### TASK REQUIREMENTS
All pictures are to be skipped; retype only the lines from the top of the entries through the line with "TIMBRES.CARTE MAX.n°9367.ESPAGNE.ZULOAGA.SEGOVIA.1971 - Cartes", both included.

### RECORD EXCERPTS
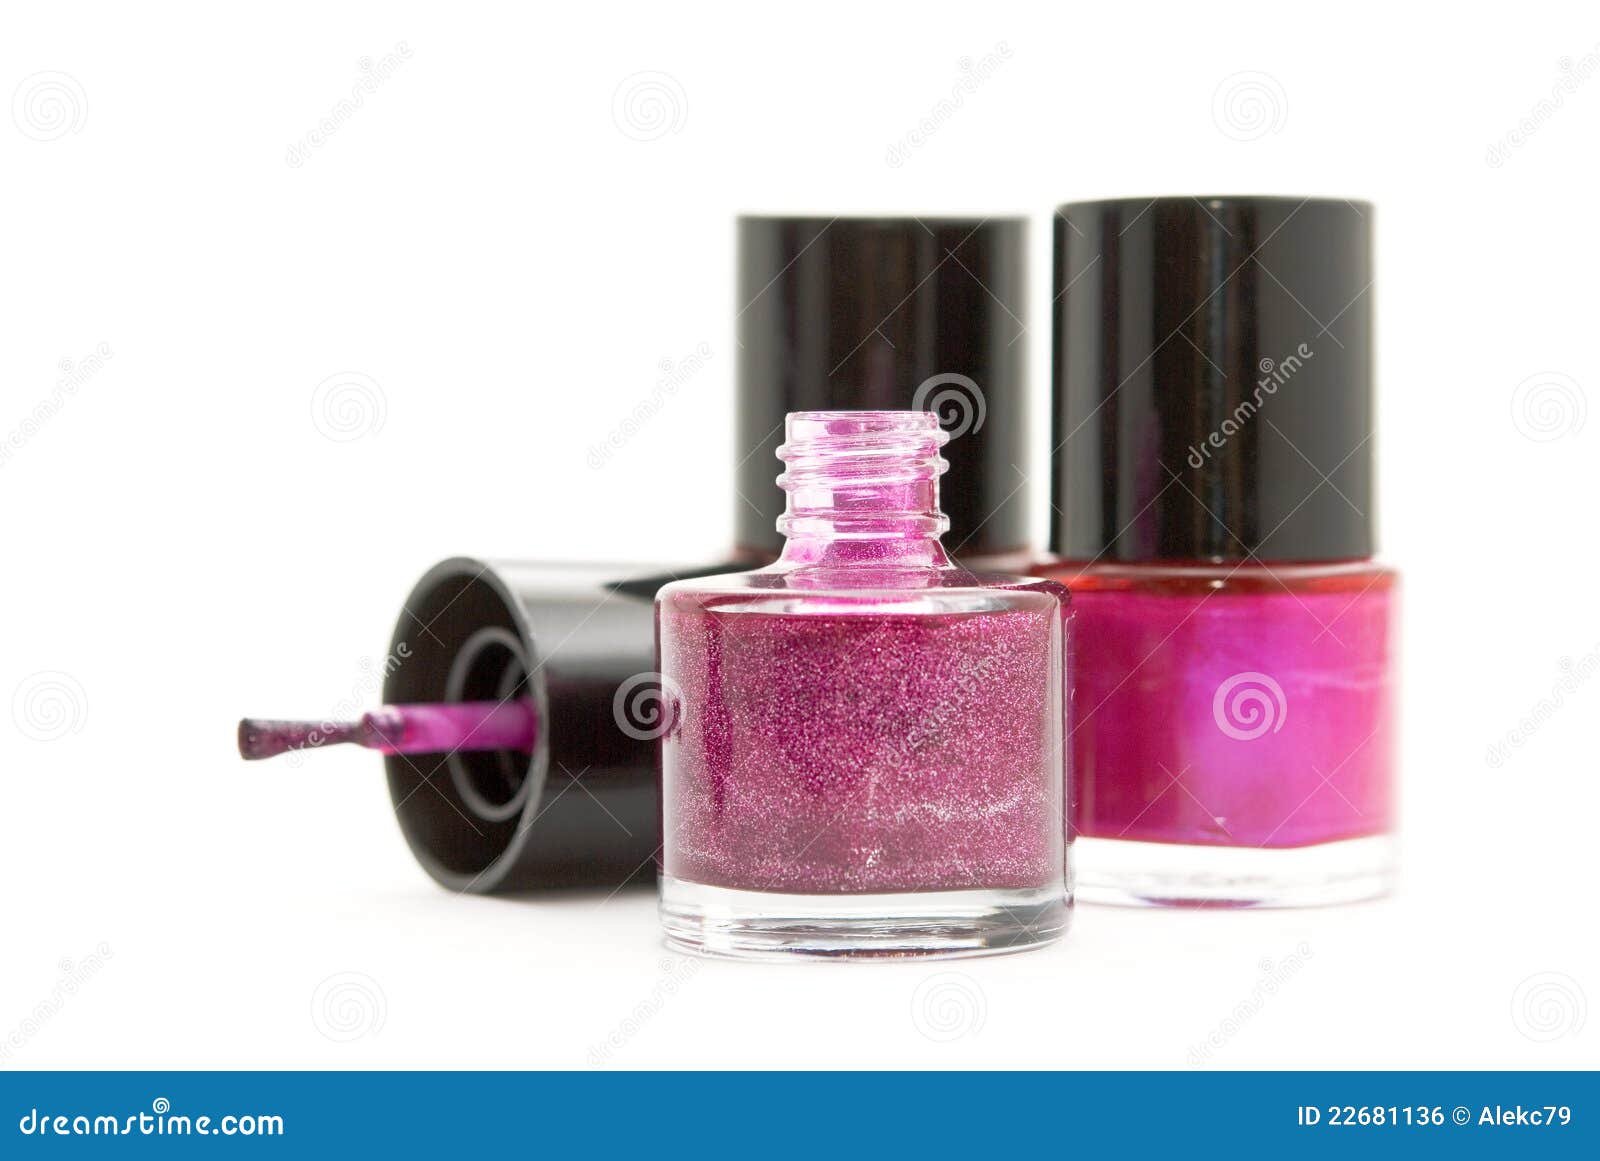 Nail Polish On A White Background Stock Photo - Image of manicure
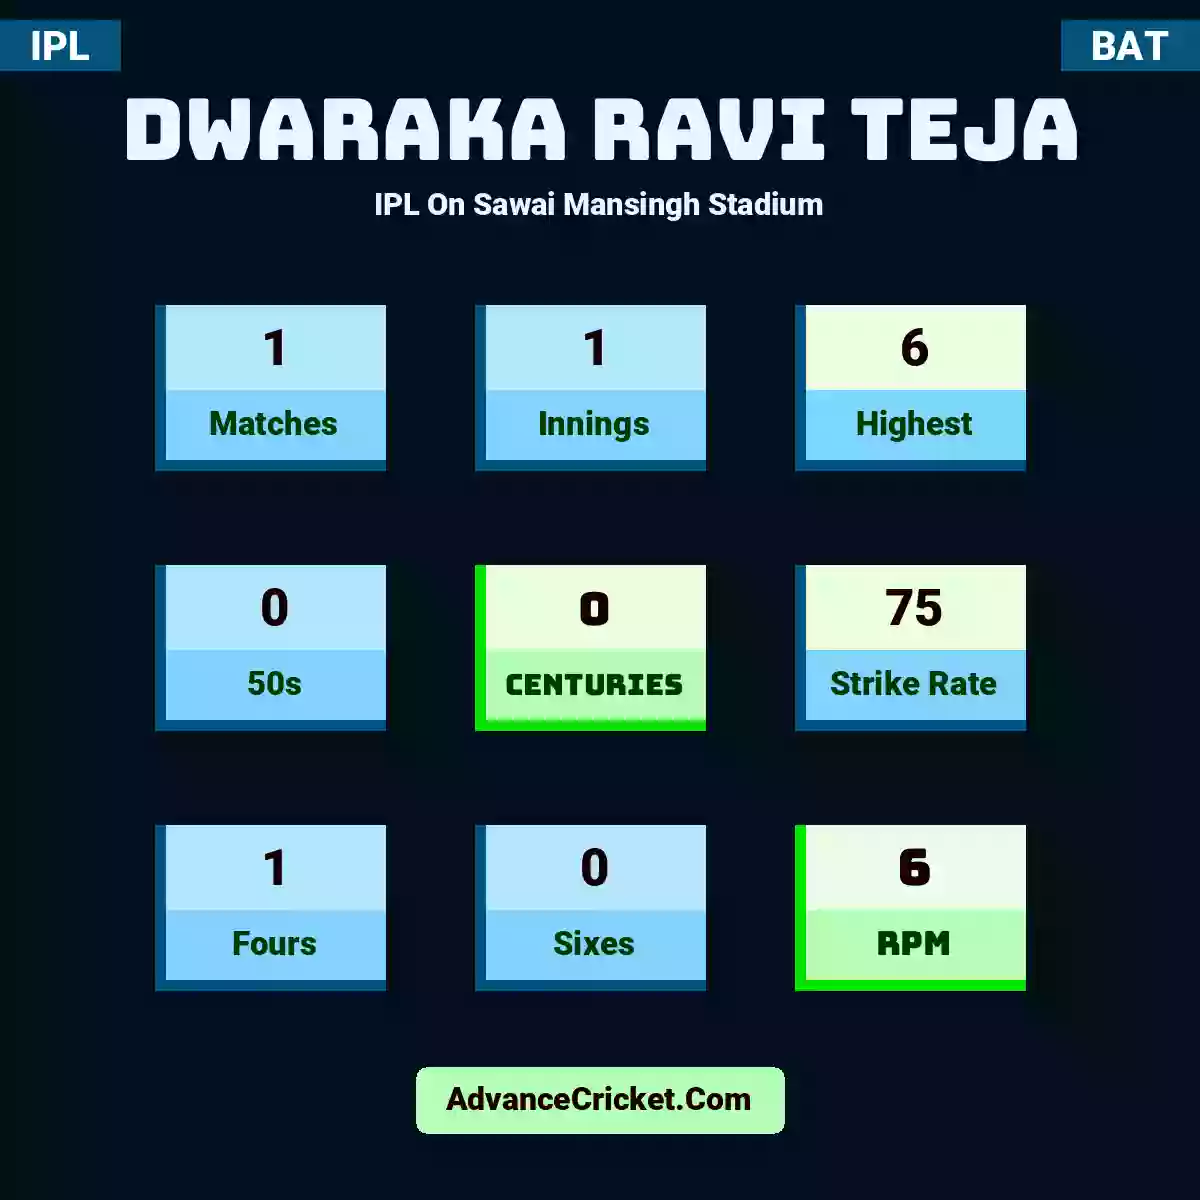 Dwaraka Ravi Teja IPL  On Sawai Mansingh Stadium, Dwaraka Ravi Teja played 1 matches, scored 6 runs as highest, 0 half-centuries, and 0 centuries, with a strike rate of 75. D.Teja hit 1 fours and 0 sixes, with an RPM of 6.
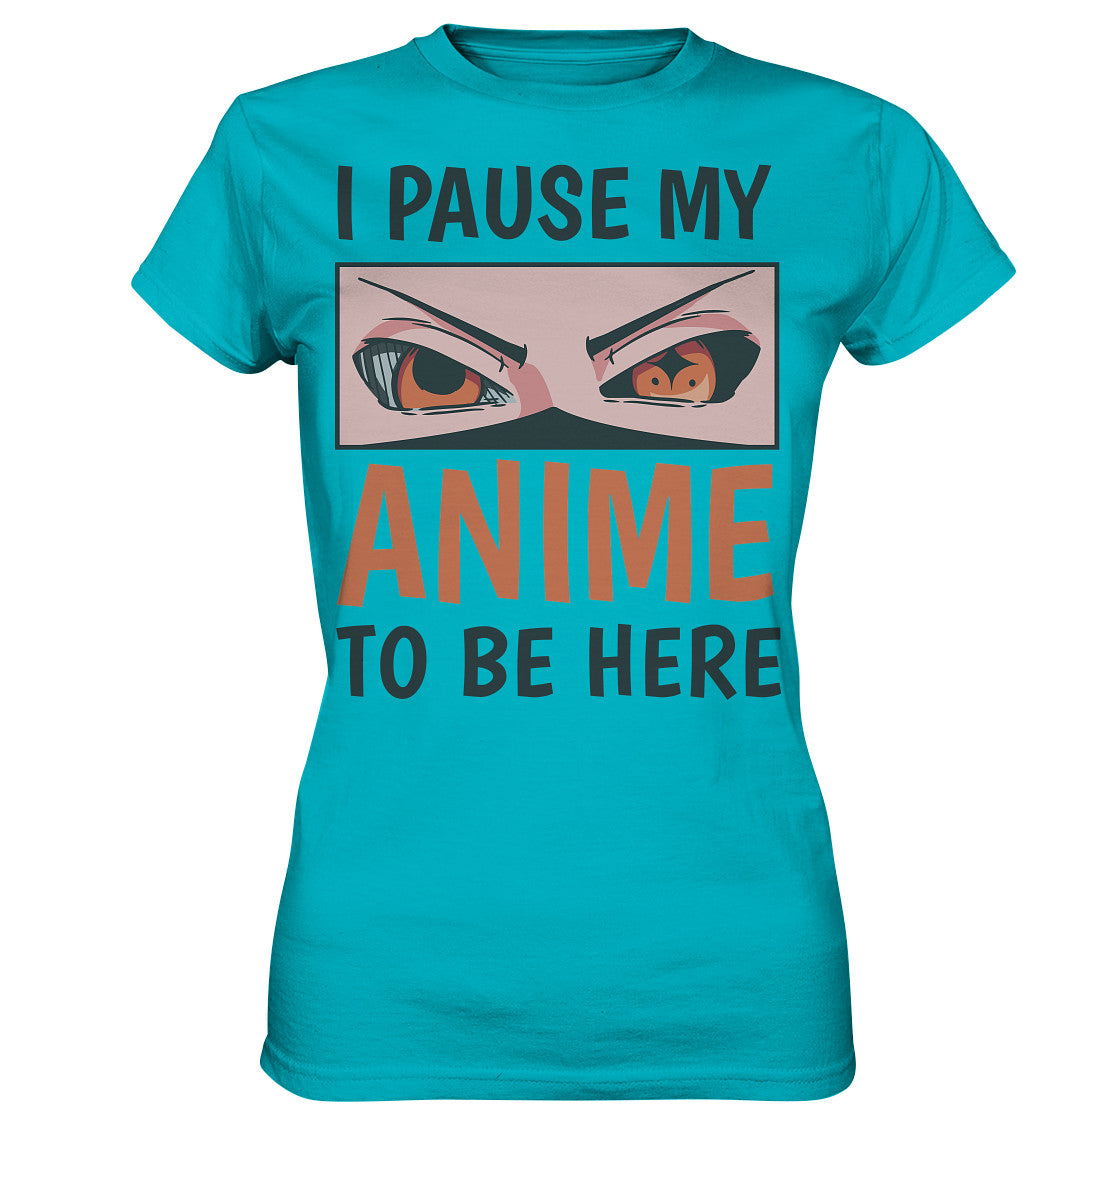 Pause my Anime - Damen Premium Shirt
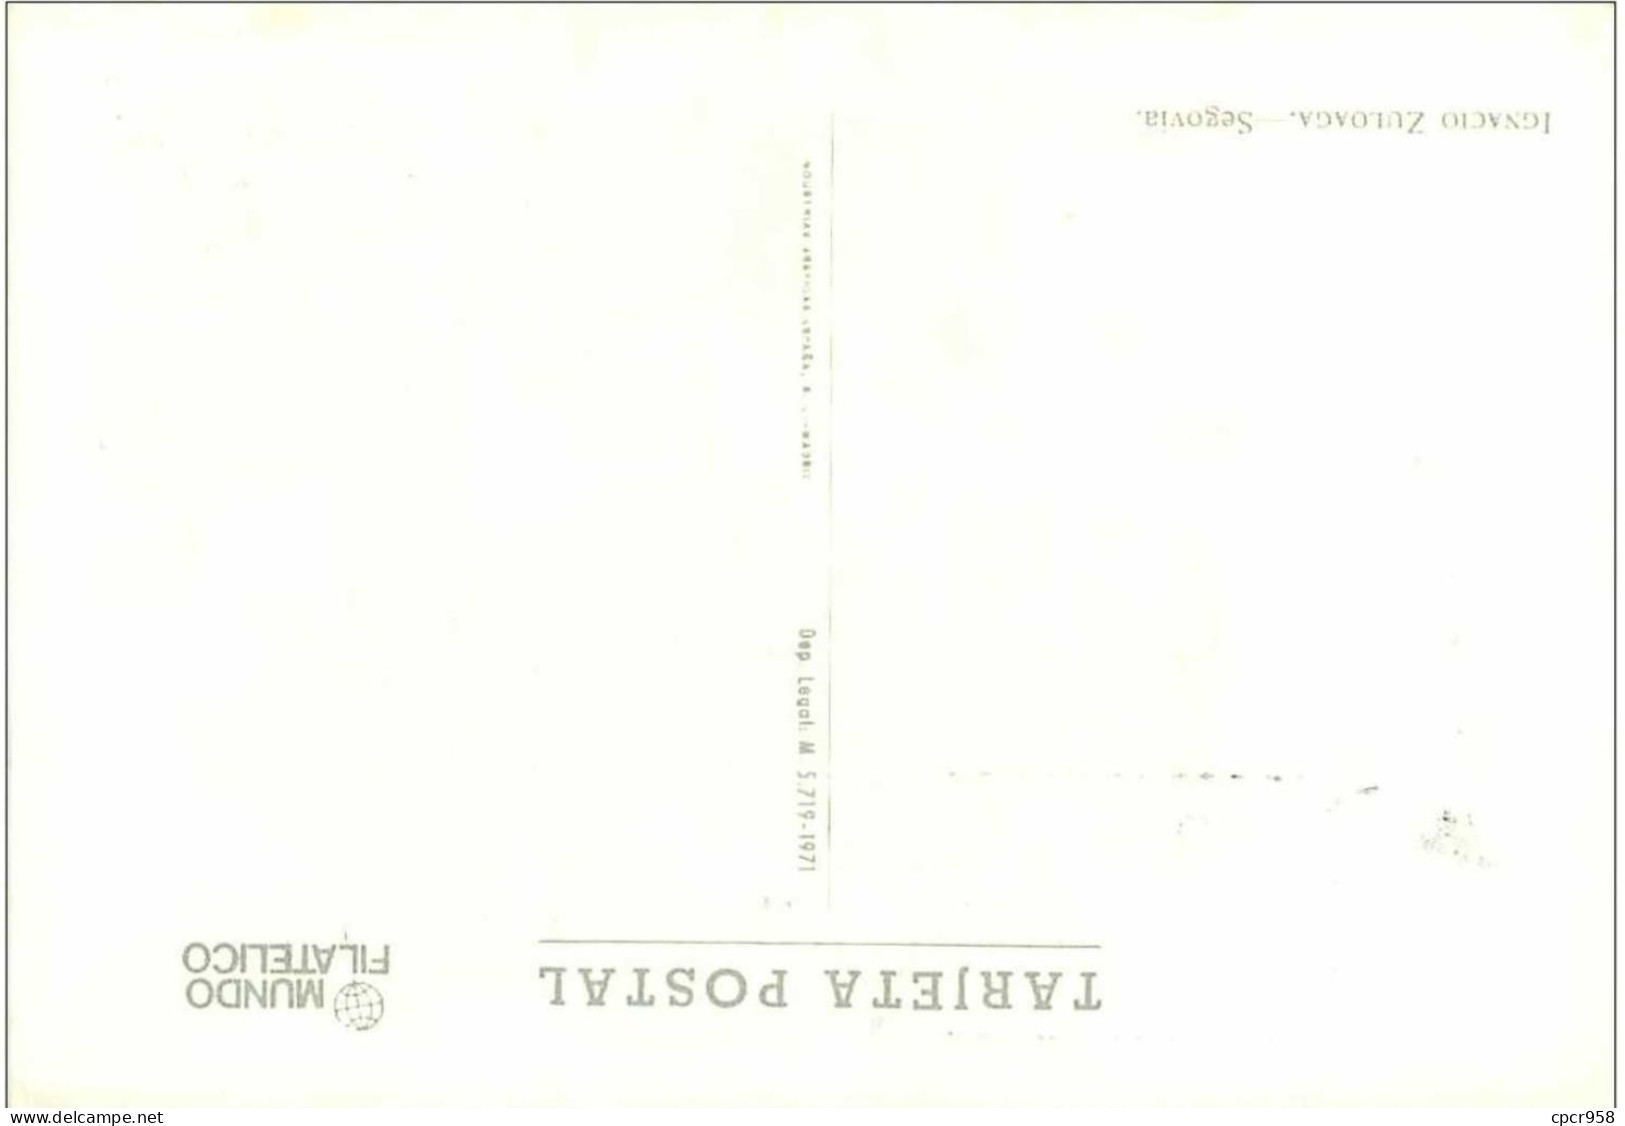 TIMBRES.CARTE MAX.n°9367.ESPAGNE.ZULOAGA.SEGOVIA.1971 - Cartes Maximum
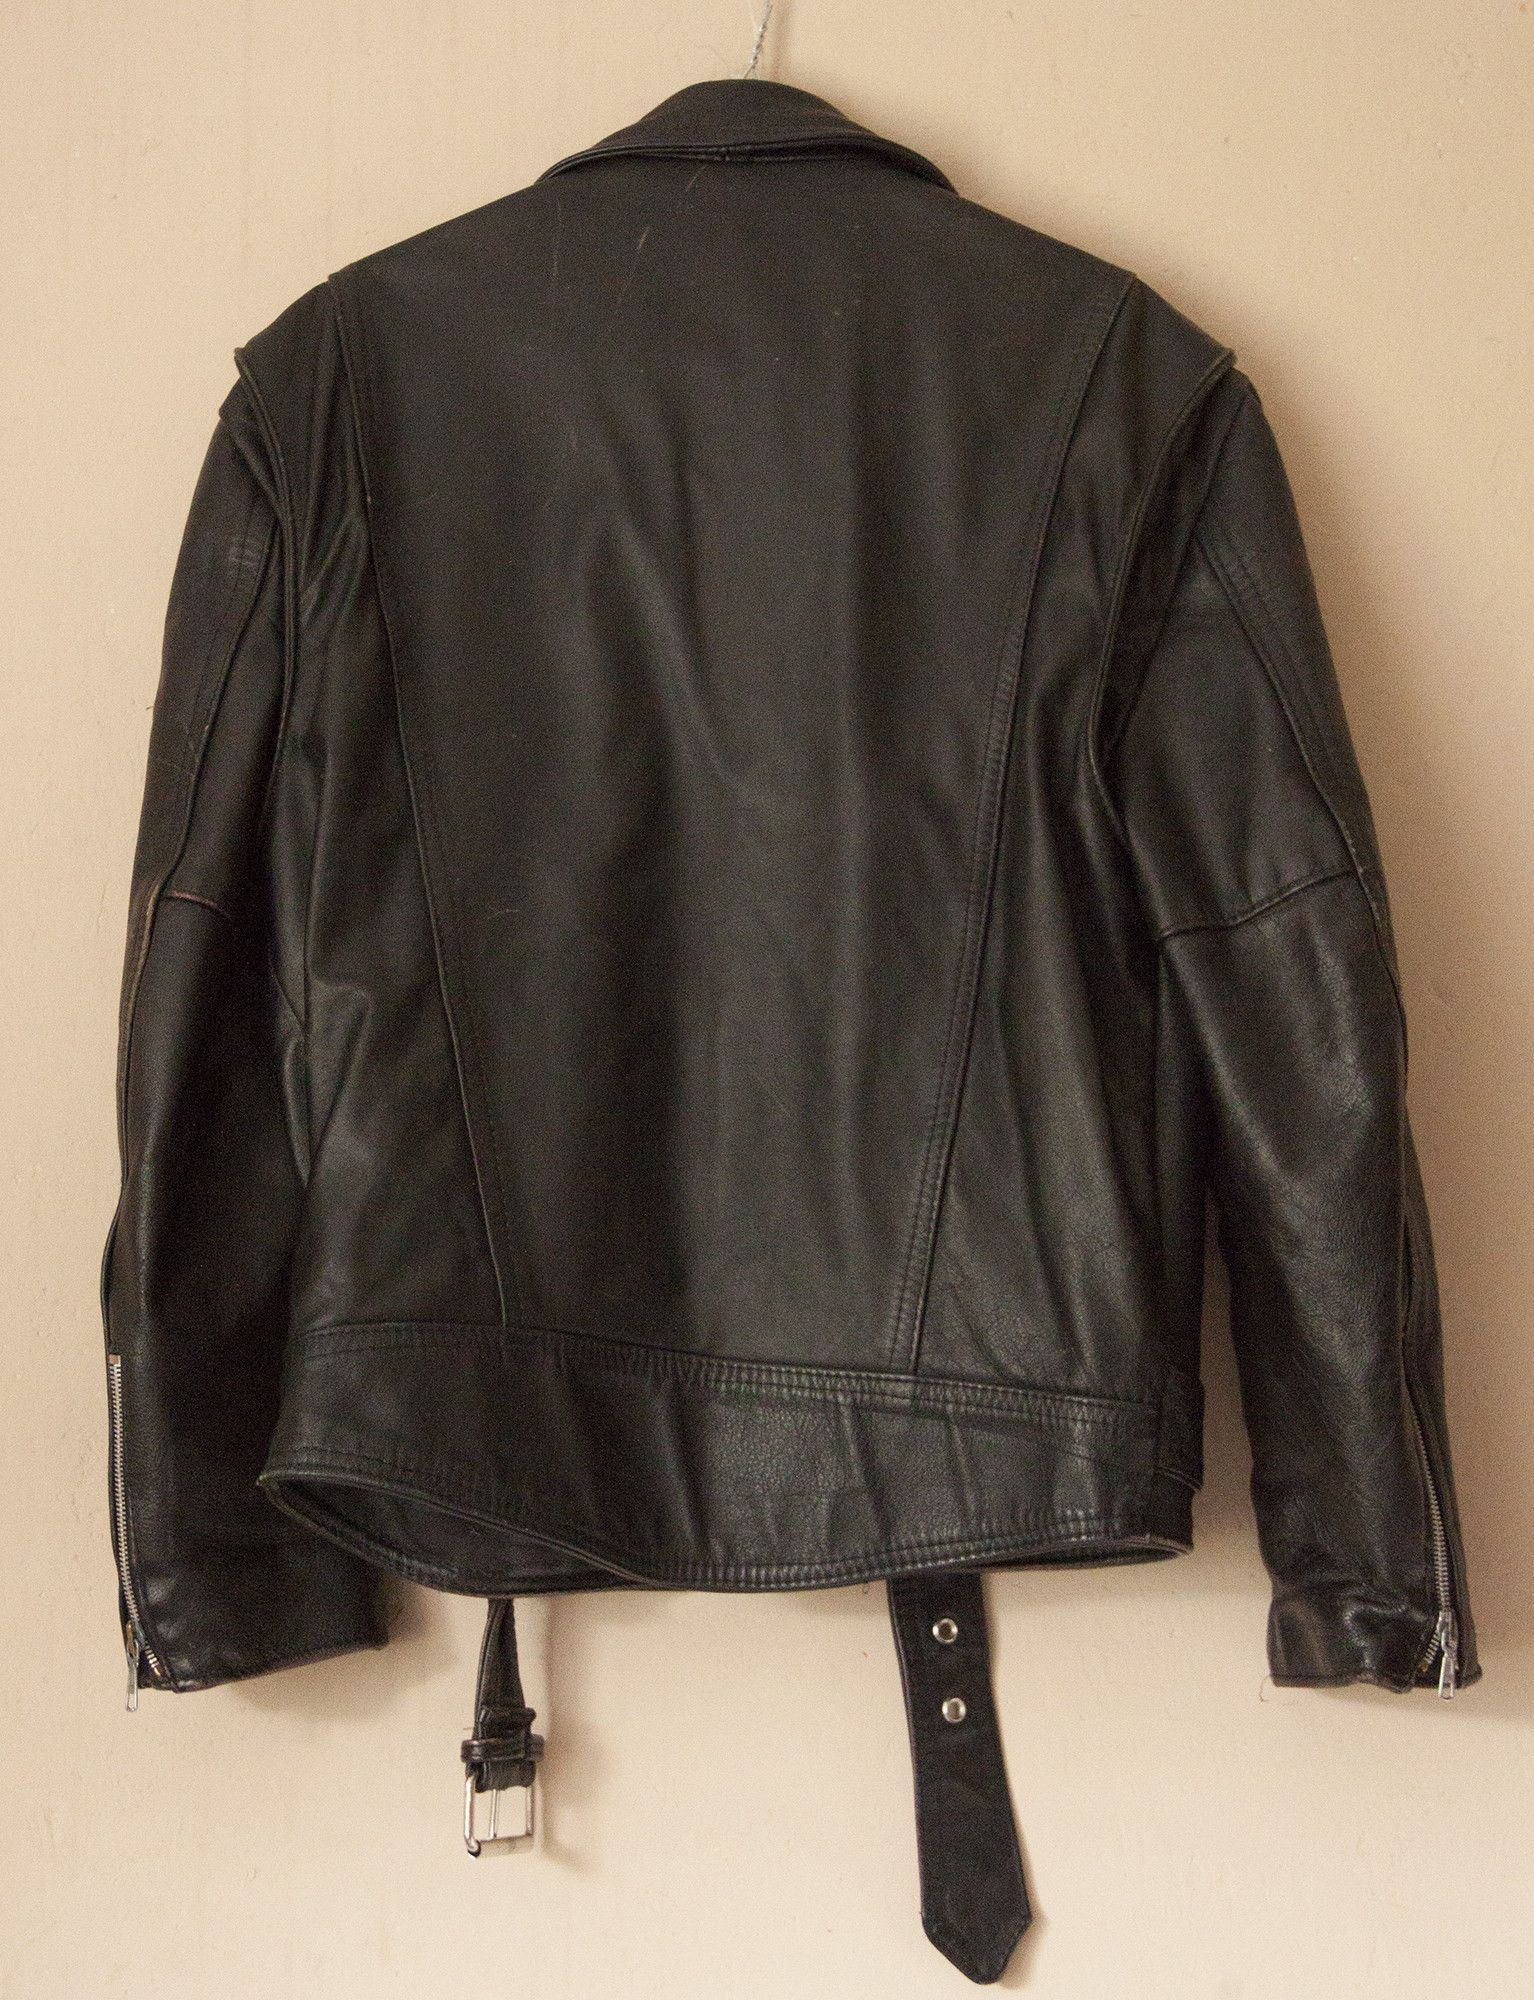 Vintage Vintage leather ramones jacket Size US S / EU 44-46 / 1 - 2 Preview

### SOLVED PROBLEM
 Nail Polish On A White Background Stock Photo - Image of manicure
 Dwaraka Ravi Teja IPL  On Sawai Mansingh Stadium, Dwaraka Ravi Teja played 1 matches, scored 6 runs as highest, 0 half-centuries, and 0 centuries, with a strike rate of 75. D.Teja hit 1 fours and 0 sixes, with an RPM of 6.
 Pause my Anime - Damen Premium Shirt
 TIMBRES.CARTE MAX.n°9367.ESPAGNE.ZULOAGA.SEGOVIA.1971 - Cartes Maximum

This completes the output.